Faculty job application season is building. If you’re applying for jobs, how much time are you going to invest into the process, and how many applications will you be sending out?
The process can be a lot of work. Last year, Jeremy Yoder made an infographic showing what it took for him to land his current position up the road at Cal State Northridge, which involved 112 applications over the course of two years. Here are some unordered thoughts about how you might increase yield relative to effort.
-Before you go about this whole process, develop an idea of your priorities and what you want, and what you’re willing to accept.

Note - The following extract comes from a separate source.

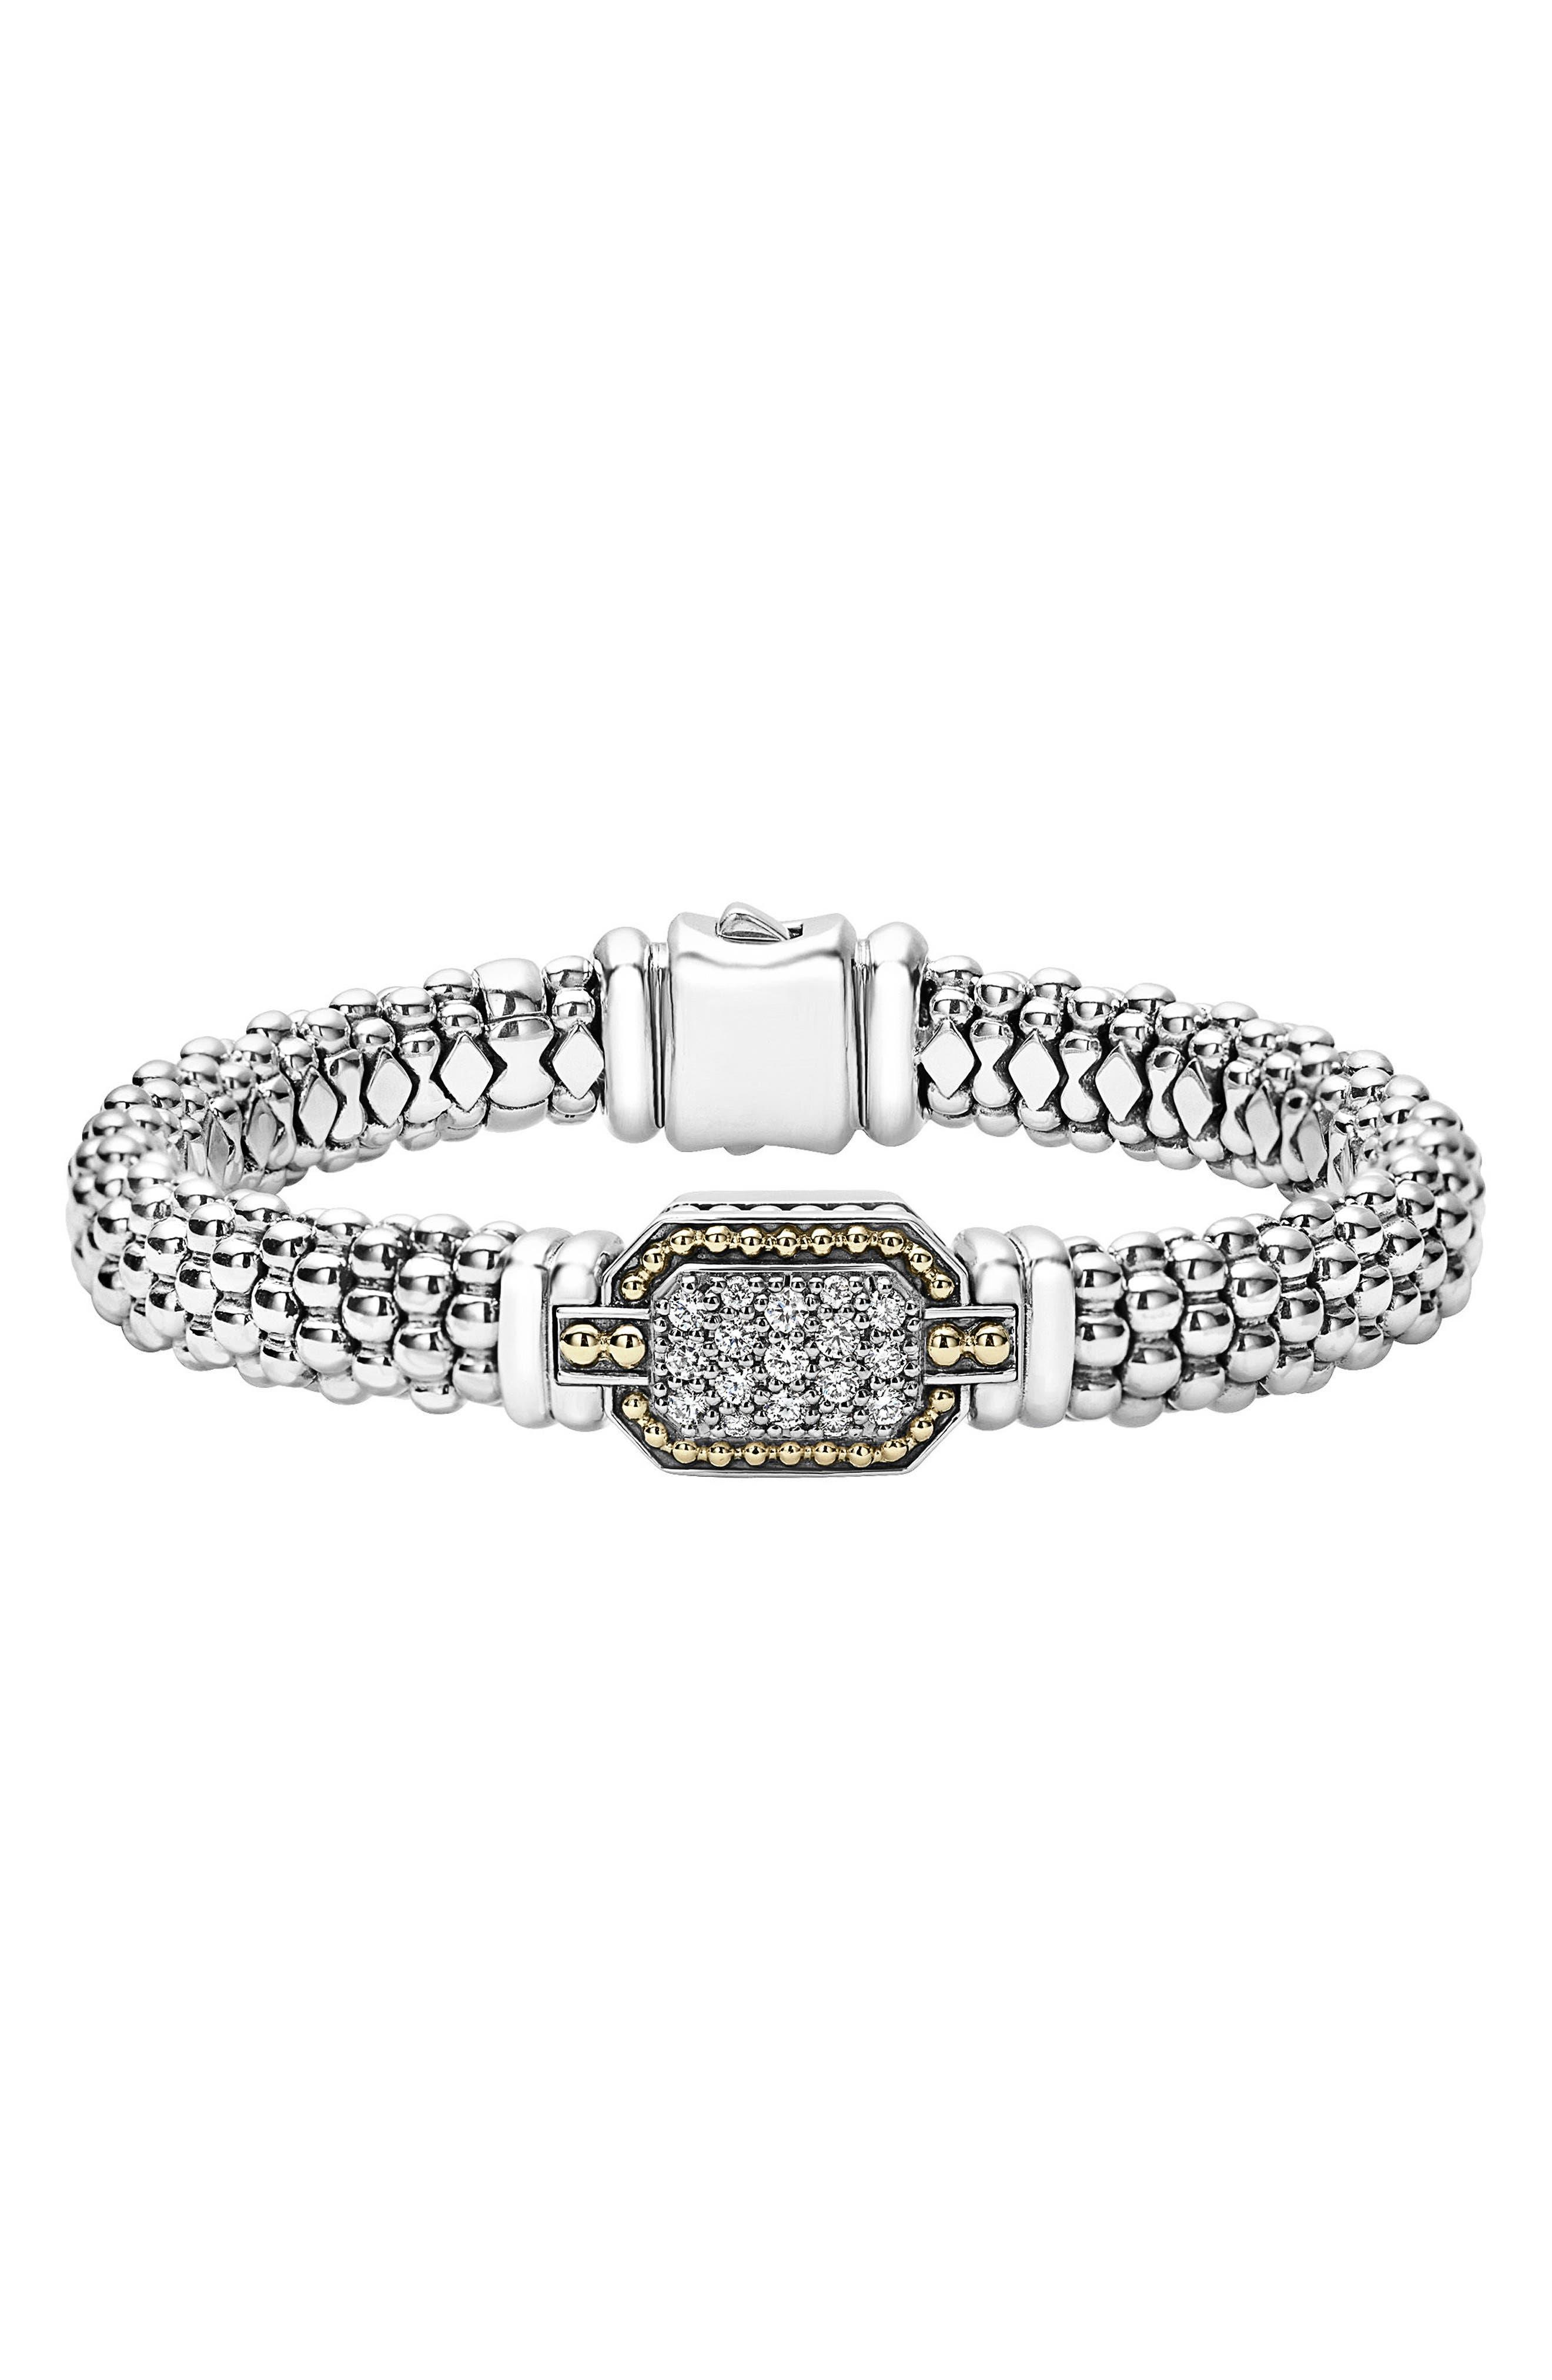 Alternate Image 1 Selected - LAGOS Diamonds & Caviar Large Diamond Bracelet

Are there dealbreakers when it comes to geography or institution type?
-Are you applying to some jobs with the idea that they’d be “starter” faculty jobs? This strategy sometimes doesn’t turn out so well. It’s totally fine to change jobs of course, but applying to a job with the notion that you’ll be unhappy if you fail to trade “up” can be a bad idea.
-If you’re not sure about the kind of institution that you might want to work in, put in some effort to figure this out before you start applying for jobs. Ideally this means that you learn about the jobs that you might think you don’t want, as well as the ones you think you want. Because you don’t want to miss out on applying for jobs that could be great for you.

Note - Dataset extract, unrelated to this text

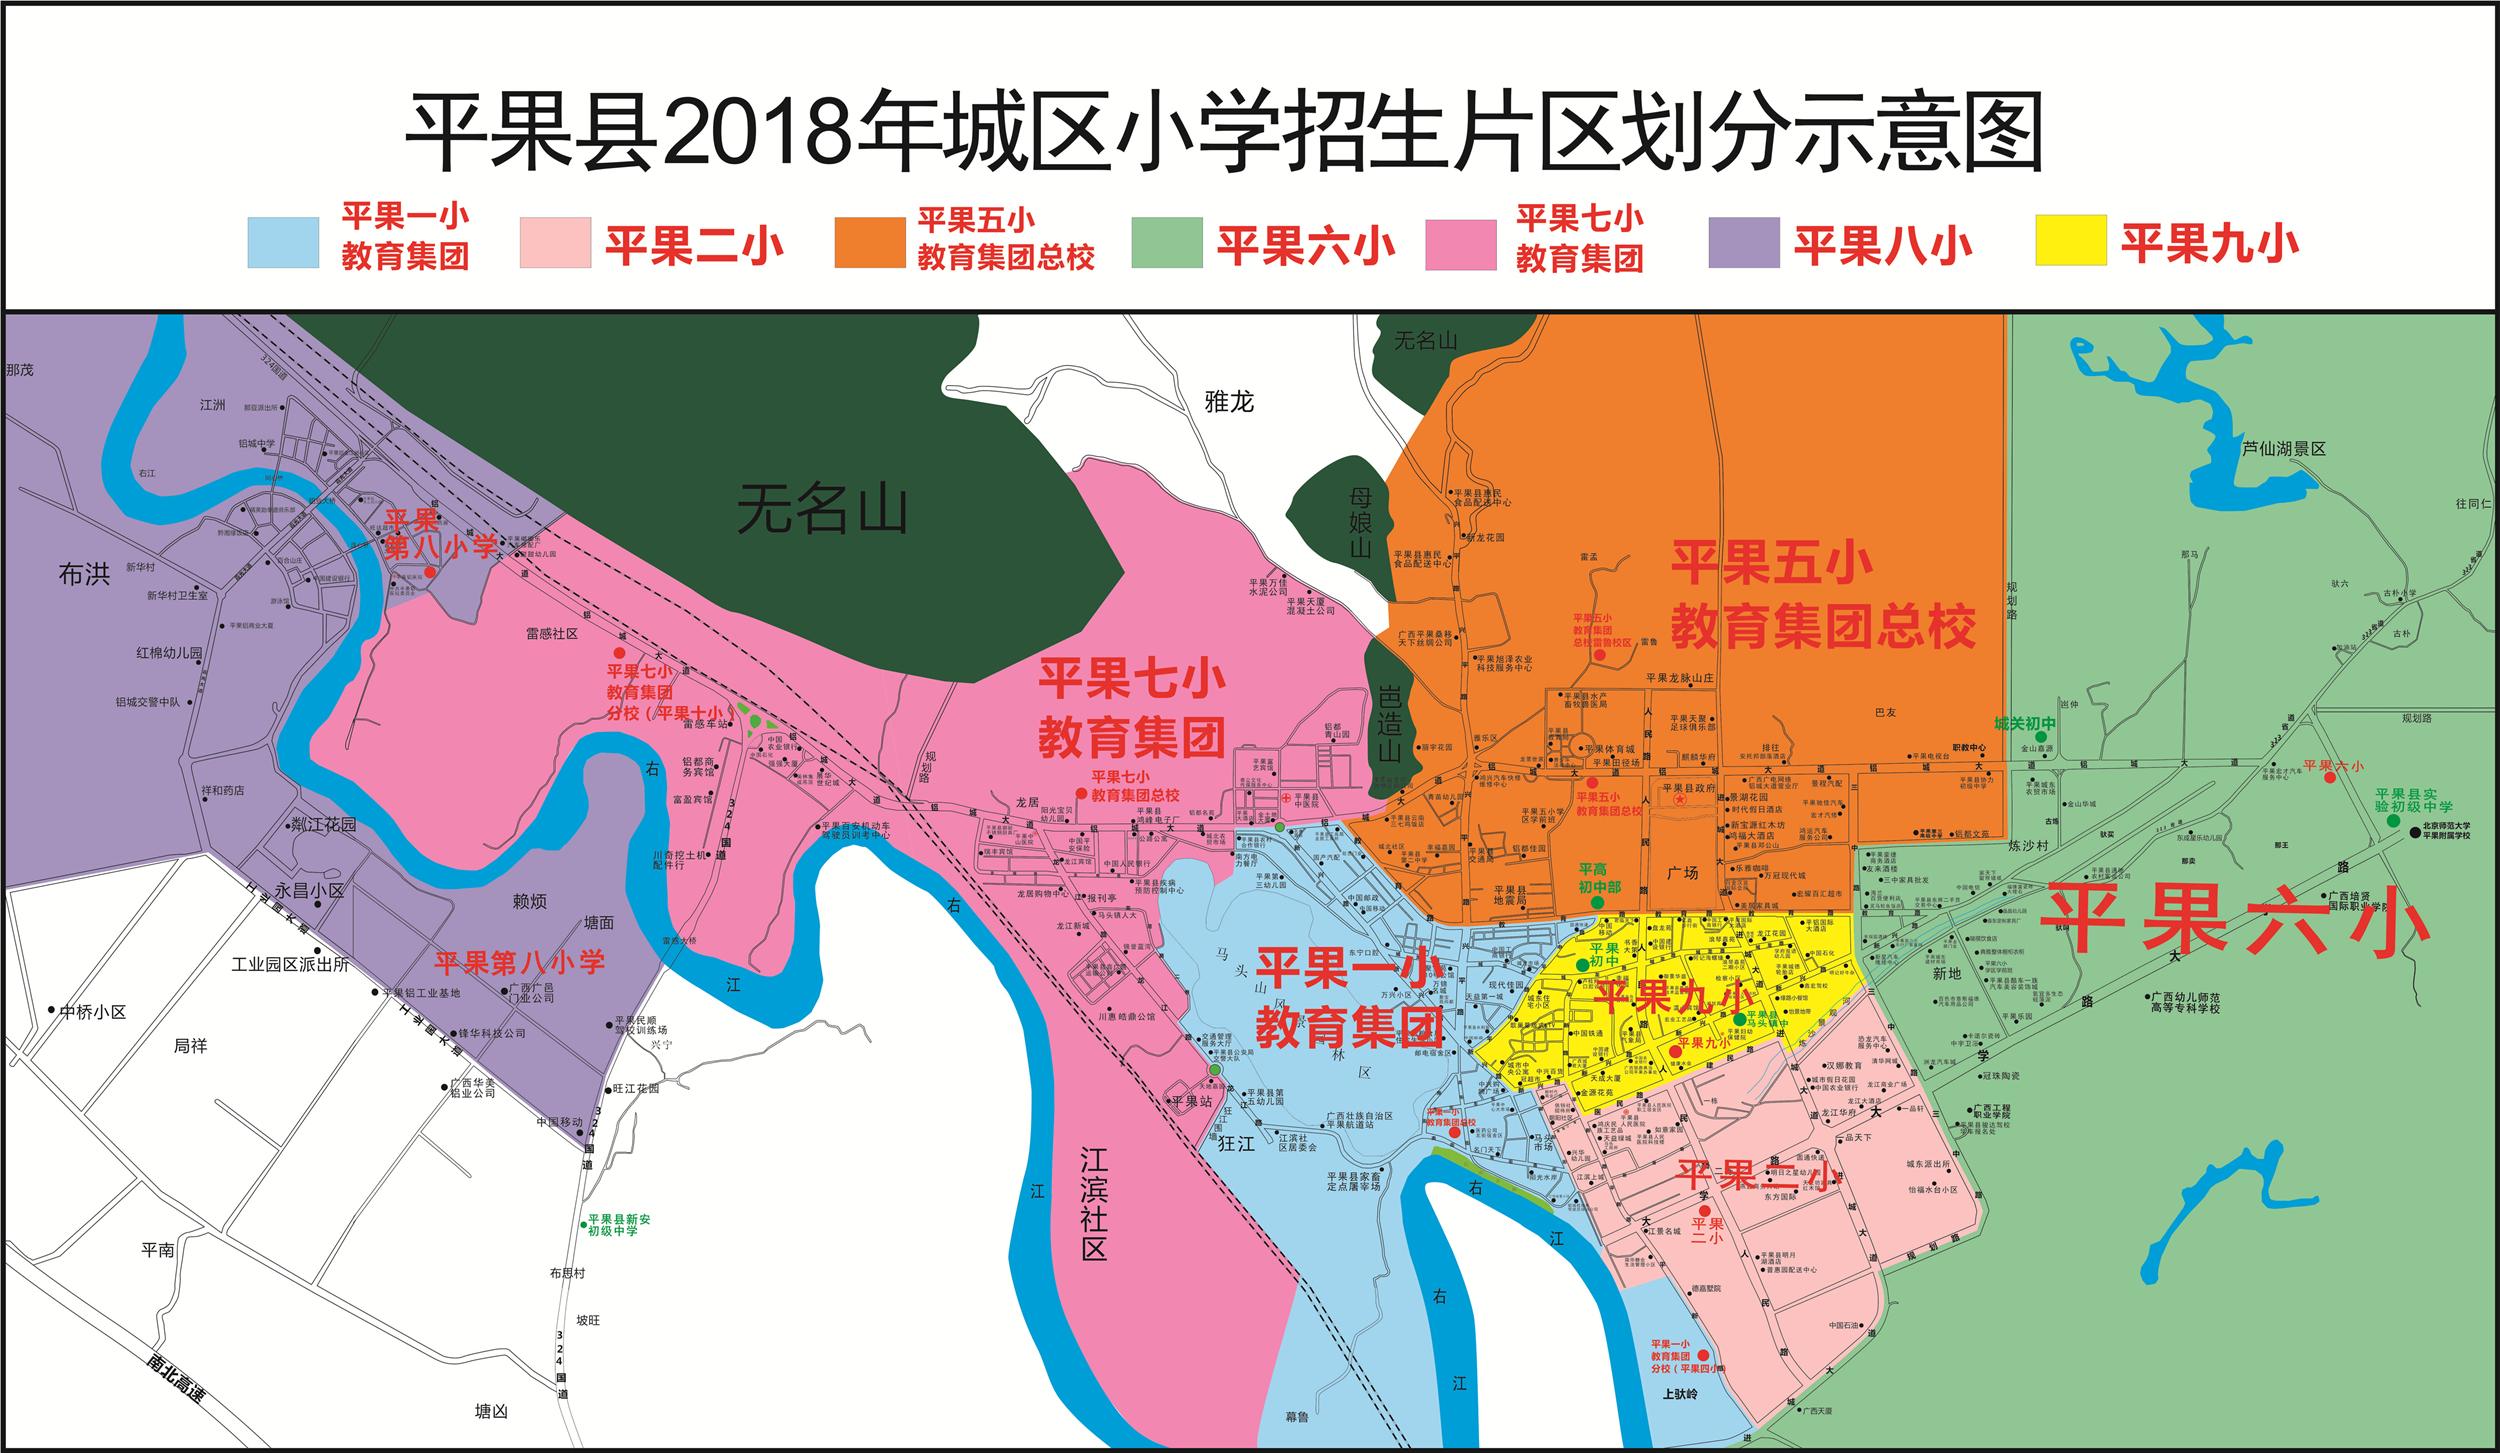 附件1:平果县2018年城区小学招生片区划分示意图.jpg

-Consider that some openings will get way more applications than others. Factors that will affect the number of applications include: 1) geographical favorability, 2) prestige, 3) teaching load, and 4) the breadth of the academic field. So an ad from a prestigious university on the coast with a low teaching load that isn’t picky about the speciality will generate a metric ton of applicants. On the other hand, a non-prestigious teaching-focused institution, in a remote area where nobody would ever consider vacationing, that wants a someone in a narrow specialty, will not attract many applicants. If you’re only applying to jobs that generate huge numbers of applicants, you’re limiting your chances. Believe it or not, there are some great tenure-track faculty jobs that generate a mere handful of applicants — and some of those applicants aren’t even qualified! I’m just sayin’, consider the odds.
-It’s only worth your while to apply if you’ve taken the time to read up about the institution and the department, and substantially customize your application to address the specific demands of a particular position. Sure, you can increase the number of jobs that you apply to by having a single set of materials, but you’ll be decreasing your yield. For example, if you’re applying for job in my department and you send us the same materials that could land you an interview a big research university, then I’m here to tell you it’s not even worth your time, because you wouldn’t even make the first cut. On the other hand, if you show how your research can fit our department and our students, that you know the courses in our catalog and which ones you can teach, and communicate an understanding of our university’s mission, then you probably will avoid the first cut.
-Having been a student at a liberal arts college gives you almost no insight into what it would be like to be a professor at a small liberal arts college. If anything, it might give you a mistaken notion. It would help to go visit some of these campuses as a peer of the faculty and ask them about their jobs — before you craft your application. You’ll learn so much about things that were entirely off your radar as an undergrad.
-This should seem obvious, but only apply for jobs if there’s a nonzero probability that you’ll accept the job. It’s okay to apply for a job with the notion that you might not want it — that’s what interviews are for! But if you are confident that you would never ever take the job (for whatever reason, including geography, religion, institution type), don’t apply. It’s not a good use of your time (or anybody else’s), if you apply with the notion that you’d get interview practice or to get an offer that you would solely intend to use for counteroffer leverage. This is not only sleazy and overmanipulative, but also the odds of this actually helping you in some way are pretty low.
-It’s not good that a lot of ads ask for letters of recommendation at the initial application phase, but please don’t let this limit how many applications you are doing. When we agreed to be your letter-writer, we knew what we were getting into. You don’t have to apologize for asking us to write so many letters. It’s our job.
-Don’t be too dissuaded by the speciality listed in a job ad. These job descriptions are often forged in compromise in a meeting among faculty and it’s quite possible the department isn’t entirely sure what it wants or needs, and won’t know until they are sifting through applications. (It’s also possible they have a highly specific set of needs, and won’t consider anybody else outside that set of needs, but it’s almost impossible to tell the difference based on the job ad.) So if you think you’re a good fit for a department in a lot of ways but you specialty is a bit off, go ahead and apply anyway. Sure, it might get tossed right away, but on the other hand, if it’s a job that you think you’d really like, well, then it might not be.
-Don’t be dissuaded by open rank positions. In the eyes of search committees, potential is very attractive, and open rank searches frequently end up with brand new Assistant Professors, who got the job over senior faculty. Senior faculty often apply for these jobs not because they want them, but because they’re looking for a raise or resources back at home. So these jobs often go to junior folks as a result.
-Getting it in before the deadline matters, but getting it in early doesn’t matter. Because most folks don’t really look at apps until they’re all in. (If you’ve missed the deadline, you could call the department admin assistant to see if it’s still worth your while.)